Hoy gobierna el interés material y particular, la mala conciencia del mercader. La regla de oro del buen mercader (del buen vendedor) es tomar en cuenta lo que el otro necesita. Un estado de crisis es siniestro pero un gran mercado, un estado enfermo donde sobran las necesidades, o sea, es un terreno fértil para los negocios. En el espíritu capitalismo se ha generado por años un egoísmo mezquino y mercantilista al extremo, y en un estado de emergencia pública aflora. Como en otros cuerpos enfermos, aparecen parásitos oportunistas, traficantes aprovechadores de la escasez de muchos, de todo tipo de necesidades humanas. El oportunismo es una condición inevitable del capitalismo; carencias sociales y capitalismo son la combinación perfecta para negocios grandes y pequeños, y para la miseria humana; esto resume lo que vivimos y lo que nos deparará el futuro desde ahora.

Por ejemplo. Con la escasez de agua se estimula el mercado de los camiones cisternas, e indirectamente el de pastillas purificadoras, antidiarreicos, antibióticos, antibacterianos, desinfectantes; las farmacias y los supermercados hacen buenos negocios de la escasez. Con la falta de electricidad, el de las plantas eléctricas; y el del combustible para hacerlas funcionar, las velas, las pilas, las linternas, se genera un mercado de las necesidades y sus traficantes –como el pícaro Cottard en la “Peste”, el síndrome de “Los Miserables” –, viviendo de las necesidades humanas y muriendo por ellas.

Sin embargo, en una sociedad más organizada, menos contaminada de aprovechadores; si supiéramos que aquellos individuos encargados de distribuir medicinas y alimentos no van hacer de eso un negocio; si las ayudas del Estado llegaran sin más a su destino, gratis o sin costos abultados; con una consciencia clara de por qué luchar, sin intermediarios que se lucren de todo y de todos…, sería suficiente para que el país  resistiera la escasez y todo tipo de dificultades civiles. Pero todos conocemos el desorden, conocemos  ¡la gran escasez!, o sea, la escasez de autoridad, de consciencia social y de solidaridad que no sobrevino, acompañando a las otras.

Sin una razón política elevada, sin autoridad moral, sin actos honestos y conductas ejemplares dentro del gobierno, el poder se diluye en miles de podercitos impuestos por el chantaje y la violencia, ejercida directamente.

El burocratismo ha contribuido en parte a eso, porque el burocratismo es, en rigor, un gobierno huérfano. El burocratismo es la discrecionalidad que tiene cualquier vivo de ejercer autoridad dónde pueda poner a valer su poder sobre el común, es el primero que descubre una buena alcabala; una puerta, una esquina, una bocacalle, y se apropia de ella para gestionar desde allí  su propio negocio; desde un humilde portero, una enfermera, un policía, un jefe de almacén…, hasta los jefes de departamentos, divisiones, directores y ministros.
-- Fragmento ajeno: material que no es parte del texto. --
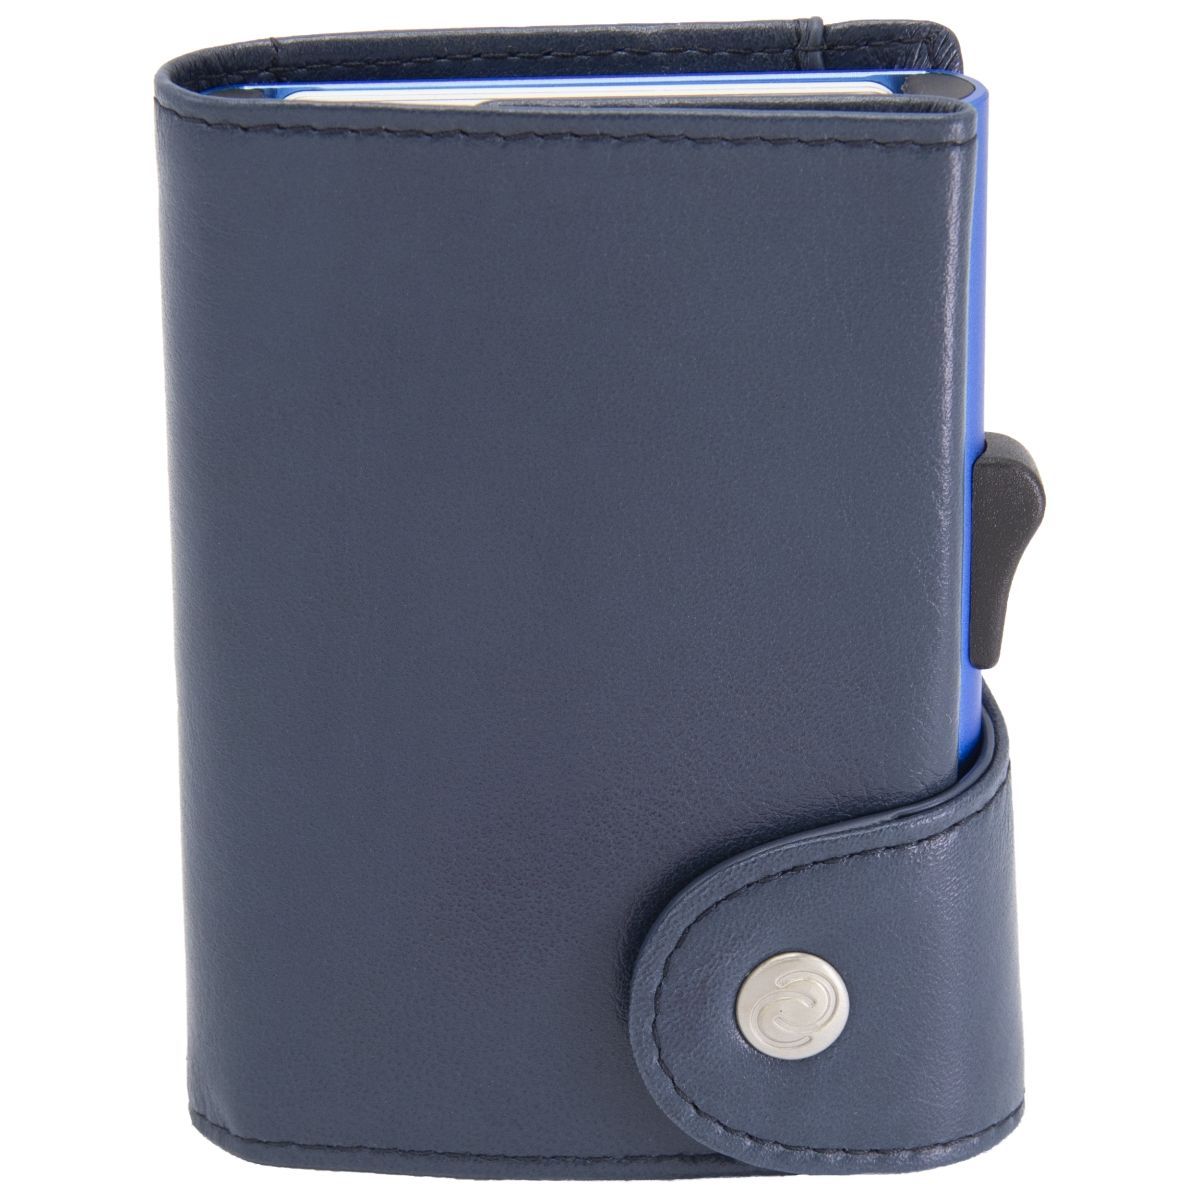 C-Secure ארנק אלומיניום XL בשילוב עור איטלקי עם תא למטבעות - כחול

Cada uno de ellos hace lo que le da la gana, ejerce su poder y autoridad sobre un espacio que a la larga se hace vital para el funcionamiento del resto del sistema; en el burocratismo  se nivela la importancia de cada espacio “liberado” de autoridad –las jerarquías se desaparecen, las “autoridades” son equivalentes –,  a través de un mecanismo de chantajes y desinformación, o manipulación de la información.

A falta de esa autoridad se pierde tensión en el sistema. Vivimos una etapa de distensión dentro del gobierno y peor aún, dentro del Estado, así sea Estado Burgués menguado por el “liberalismo” de Maduro. Es decir, que a la complacencia liberal con los controles y rigores económicos y al desorden civil,  se le ha sumado la anarquía particular del desgobierno de Maduro.

Maduro perdió todo sentido político del poder: no sabe qué hacer con sus prerrogativas, hoy desconoce el para qué gobierna, desconoce sus razones políticas. Maduro (y el gobierno de Maduro) hoy solo se sostiene por motivos propios, egoístas y mezquinos, los de un mercader. La justicia, la igualdad, el buen vivir,  aquello que impulsó en Chávez la conquista del poder, se convirtió de pronto en “una bulla”, en arengas antiimperialistas, tan vacías como lo ha sido hasta ahora la seguridad en el sistema eléctrico nacional o cualquier otra, en la auténtica devastación de la naturaleza en la minería intensiva, o en la efectiva privatización de nuestra industria petrolera. Para sostenerse en el poder,  este gobierno es capaz de firmar cualquier cosa disimulado de “pacto de paz”. Comenzó  aprobando un nuevo Plan de la Patria, que lleva encubierto, con dibujitos y un glosario de necedades técnicas, el germen de la entrega del país al capitalismo mundial chino, ruso y norteamericano…, pero no sabemos todavía cómo terminará este esfuerzo por la “paz”…,  esto huele a publicidad invertida,  a fascismo.

Por ejemplo. Darle carta blanca a grupos armados que llevan el nombre de colectivos, diciendo que ellos se dedican a producir y no a negociar y traficar con los alimentos y medicinas  importados por el gobierno en muchas zonas de Caracas y del interior del país; metiendo en el saco de los colectivos a agricultores artesanales  junto a aquellos  que usa el gobierno para reprimir manifestaciones, con el motete de “colectivos por la paz”,  “apoyados” desde el ministerio de alimentación o desde la vicepresidencia,  sustituyendo en las calles las tareas de la Guarda Nacional y hacer ver como si la acción violenta de éstos contra manifestantes que protestan es una “reacción popular” en contra de “saboteadores infiltrados” . Esta es la otra cara del pacto de paz desesperado que busca firmar el gobierno con la derecha y el imperio: darles el país en bandeja de plata al mejor postor y además entregárselo amedrentado, blando, asustado, dividido, aturdido. EEUU estaría complacido.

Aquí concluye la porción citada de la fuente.